Omit any picture, and return the remaining data exactly as written.

=== Information supplied ===

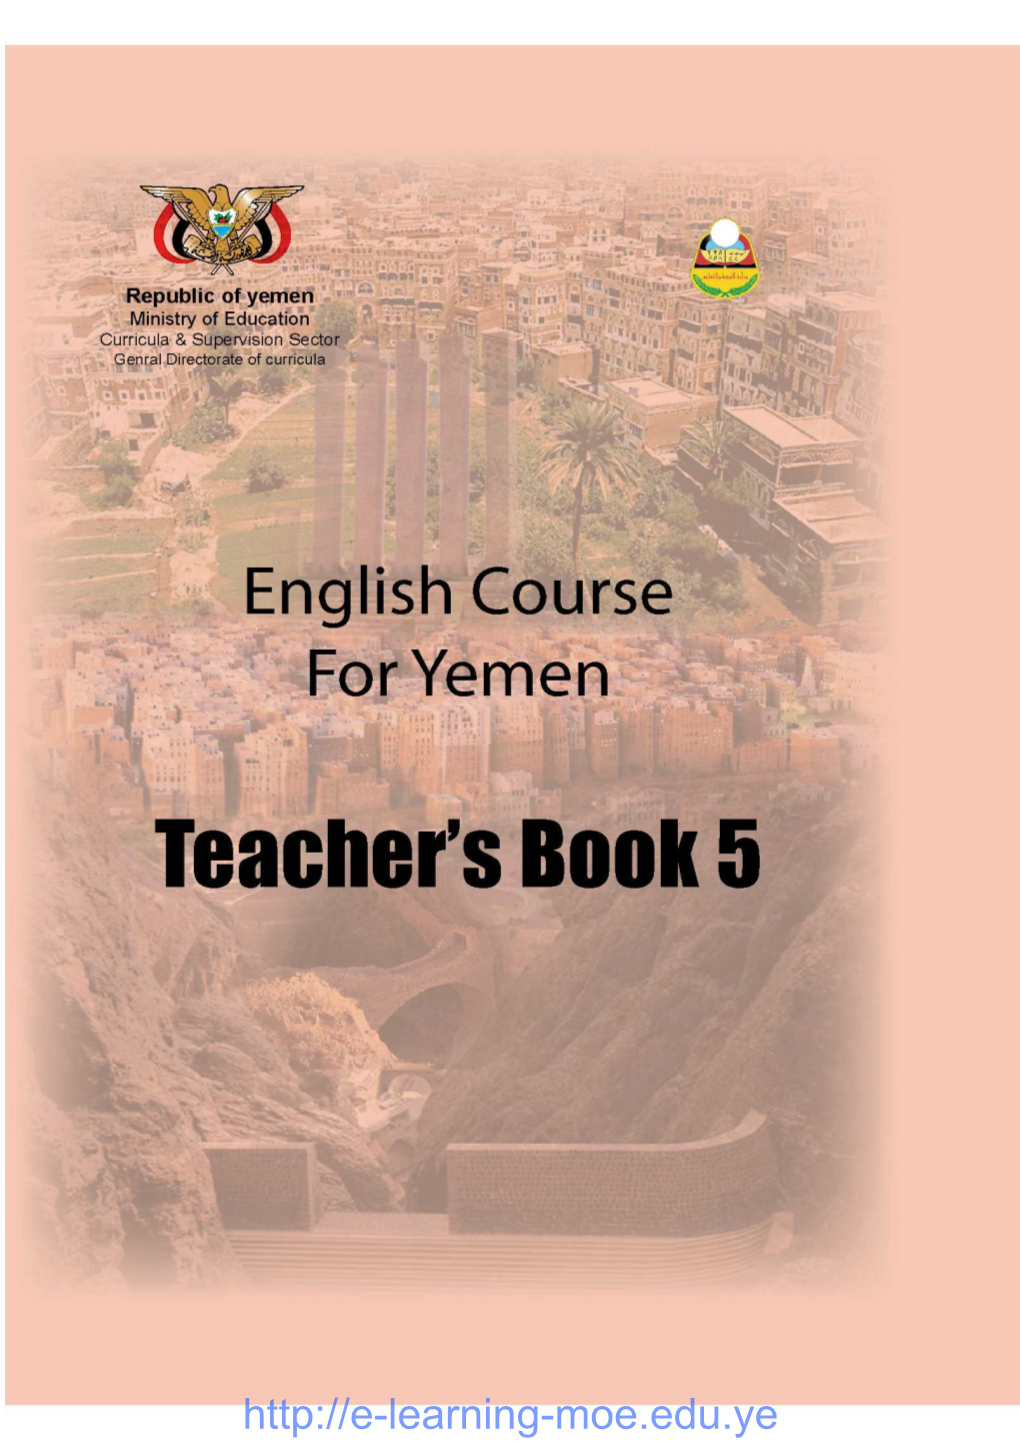 Crescent Teacher's Book 5 Introduction Page Crescent English Course - the Background
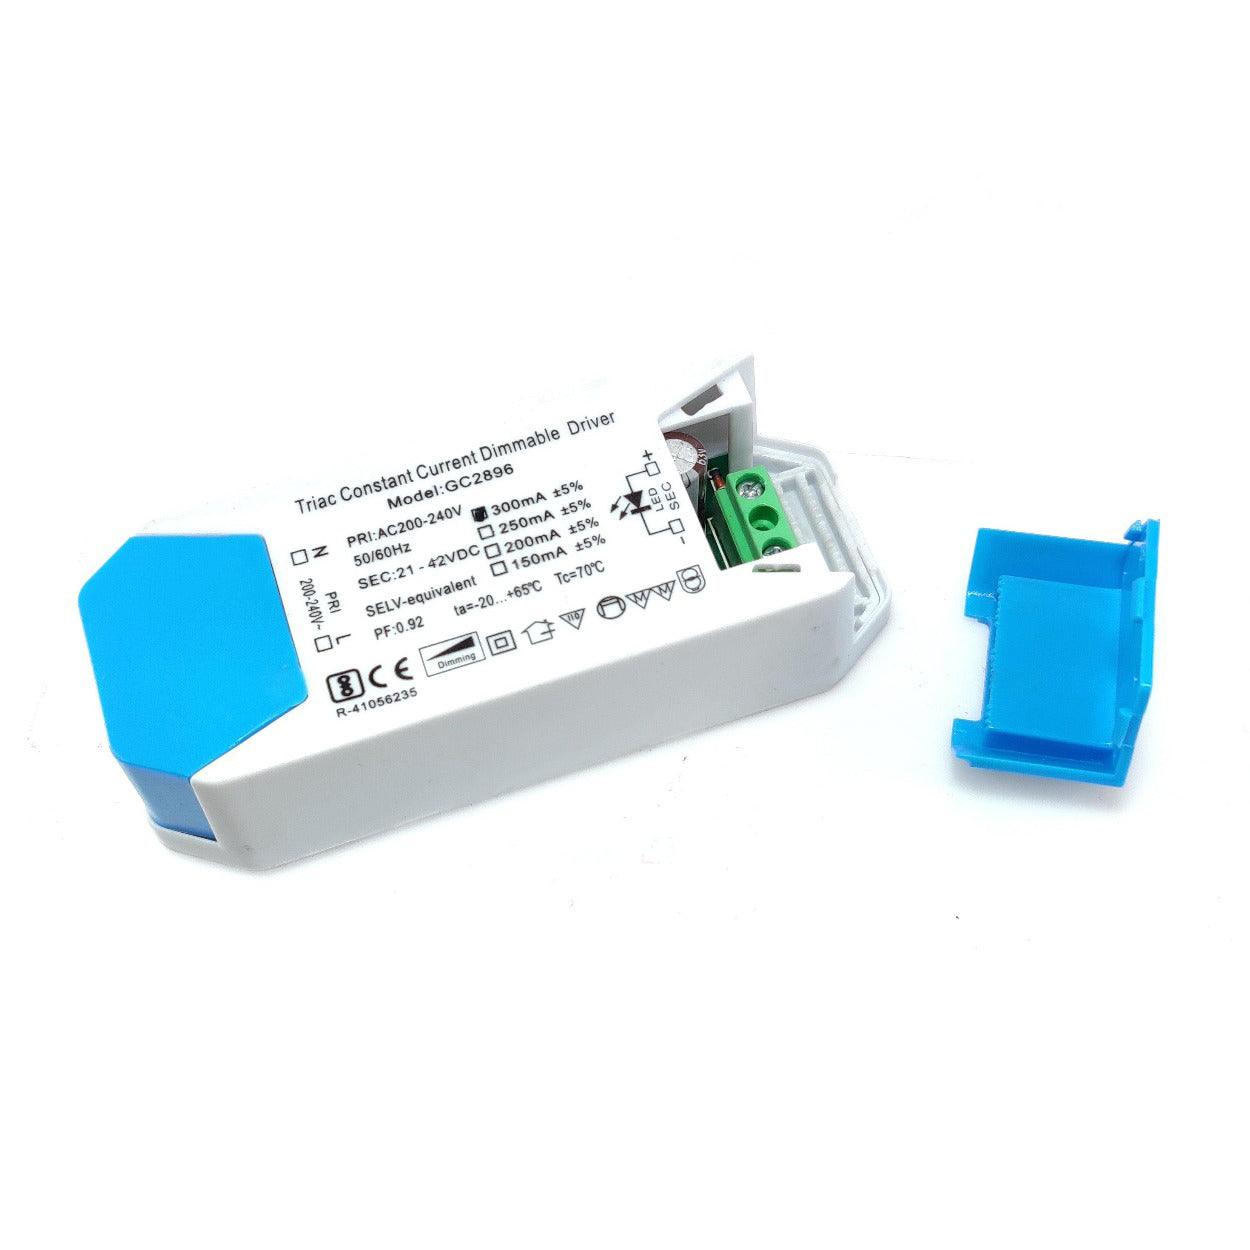 ANKUR PHASE CUT / TRIAC CONSTANT CURRENT DIMMABLE LED DRIVER - Ankur Lighting
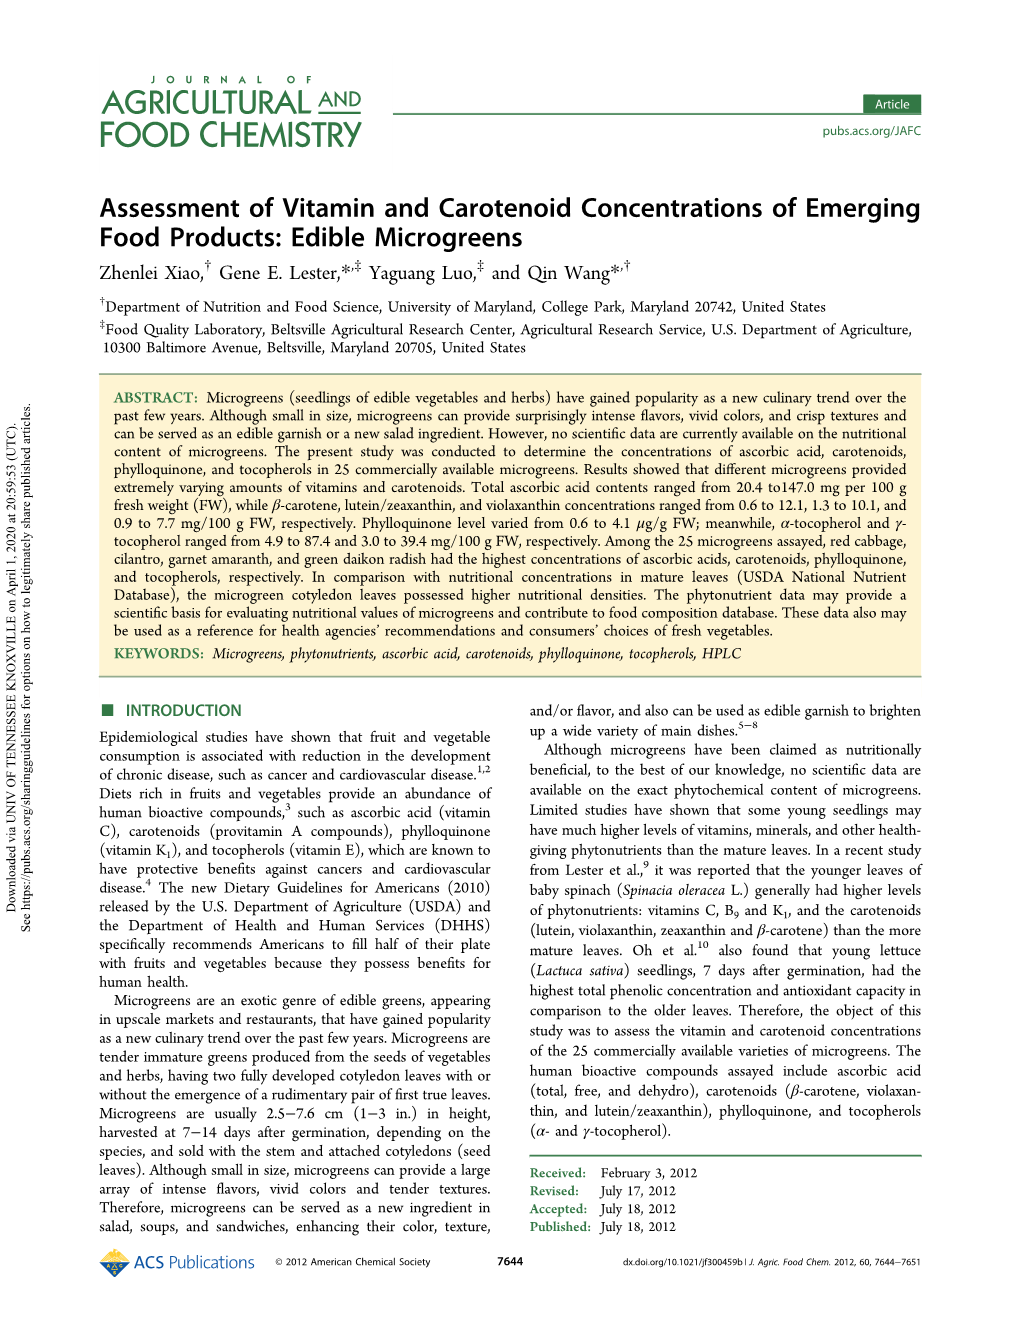 Assessment of Vitamin and Carotenoid Concentrations of Emerging Food Products: Edible Microgreens † ‡ ‡ † Zhenlei Xiao, Gene E

===

#### Output:
 Crescent Teacher's Book 5 Introduction Page Crescent English Course - the Background
 ANKUR PHASE CUT / TRIAC CONSTANT CURRENT DIMMABLE LED DRIVER - Ankur Lighting
 Assessment of Vitamin and Carotenoid Concentrations of Emerging Food Products: Edible Microgreens † ‡ ‡ † Zhenlei Xiao, Gene E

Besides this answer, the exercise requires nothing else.